Example 1: DAG with a fork/join.

It's difficult to think of a callback chain that matches this DAG. If I try to work backwards, starting from the end, my reasoning is as follows:

  • end depends on B and D. (join)
    • D depends on C.
    • B and C depend on A. (fork)

A possible chain looks something like this:

boost::future<void> A, B, C, D, end;  A.then([]     {         boost::when_all(B, C.then([]                                {                                    D.get();                                }))             .then([]                 {                     end.get();                 });     }); 

I found it difficult to write this chain by hand, and I'm also doubtful about its correctness. I could not think of a general way to implement an algorithm that could generate this - additional difficulties are also present due to the fact that when_all needs its arguments to be moved into it.
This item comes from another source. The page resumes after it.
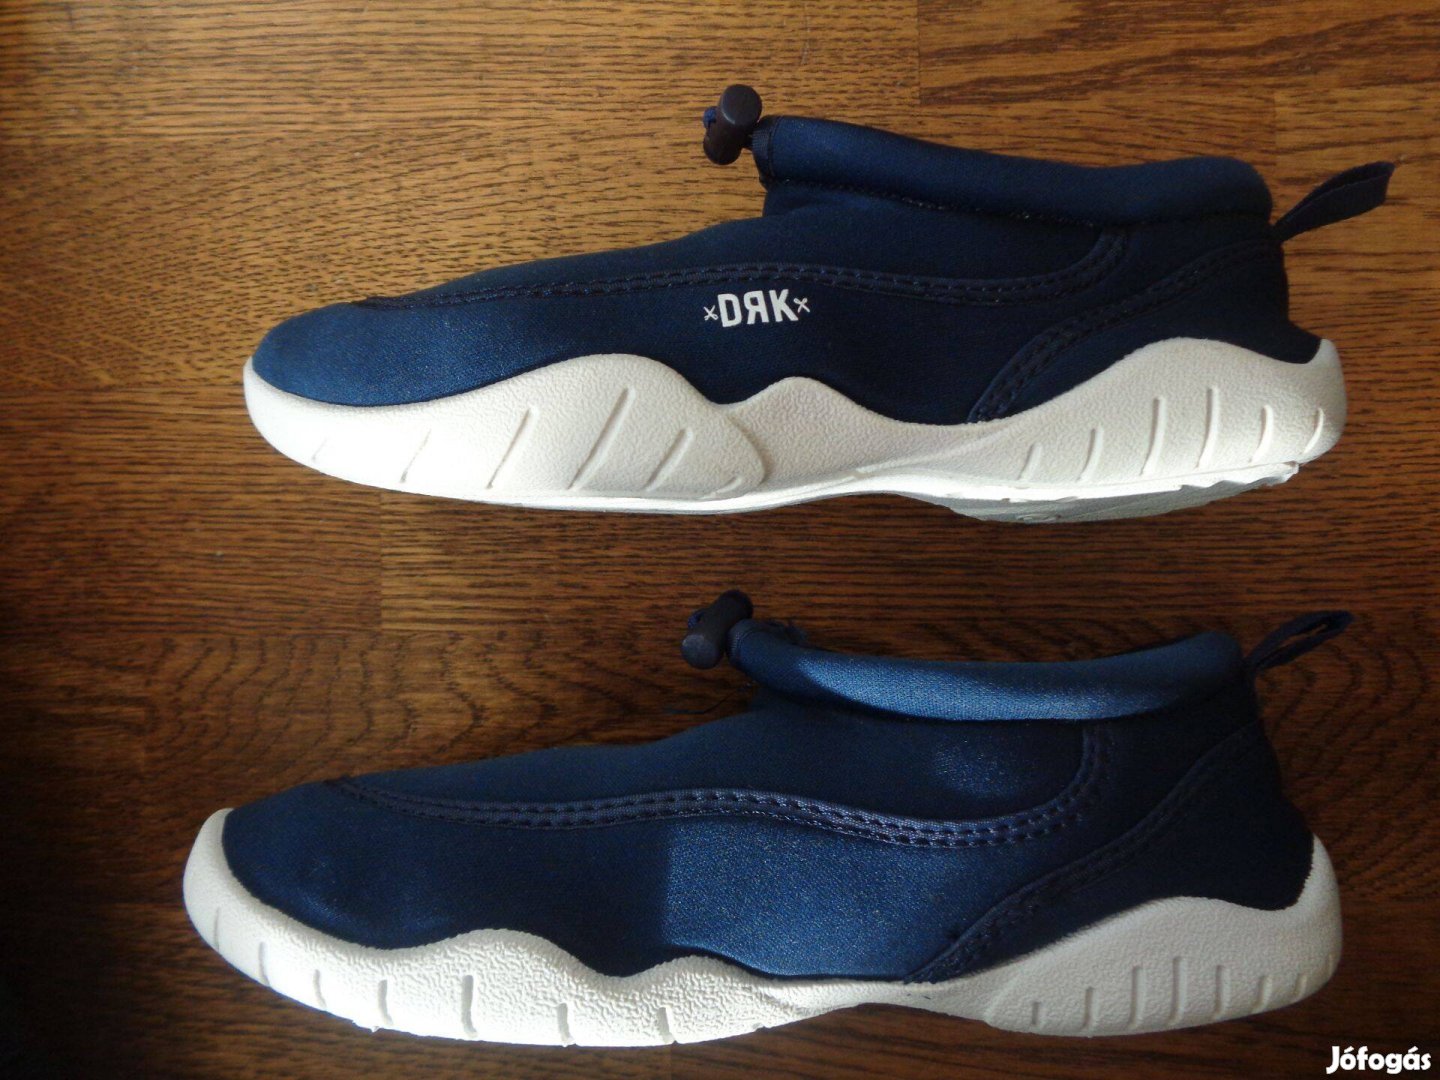 Új eredeti Dorko DRK Aquatic 30-as 30 gyerekcipő utcai cipő 2 színben

Let's see one last, even more complex, example:

Example 2: complex DAG.

Here we want to exploit parallelism as much as possible. Consider task E: E can be run in parallel with any of [B, C, D].

This is a possible callback chain:

boost::future<void> A, B, C, D, E, F, end;  A.then([]     {         boost::when_all(boost::when_all(B, C).then([]                             {                                 D.get();                             }),             E)             .then([]                 {                     F.then([]                         {                             end.get();                         });                 });     }); 

I've tried to come up with a general algorithm in several ways:

  • Starting from the beginning of the DAG, trying to build up the chain using .then(...) continuations. This doesn't work with joins, as the target join task would is repeated multiple times.

  • Starting from the end of the DAG, trying to generate the chain using when_all(...) continuations. This fails with forks, as the node that creates the fork is repeated multiple times.

Obviously the "breadth-first traversal" approach doesn't work well here. From the code samples that I have hand-written, it seems that the algorithm needs to be aware of forks and joins, and needs to be able to correctly mix .then(...) and when_all(...) continuations.

Here are my final questions:

  • Is it always possible to generate a future-based callback chain from a DAG of task dependencies, where every task appears only once in the callback chain?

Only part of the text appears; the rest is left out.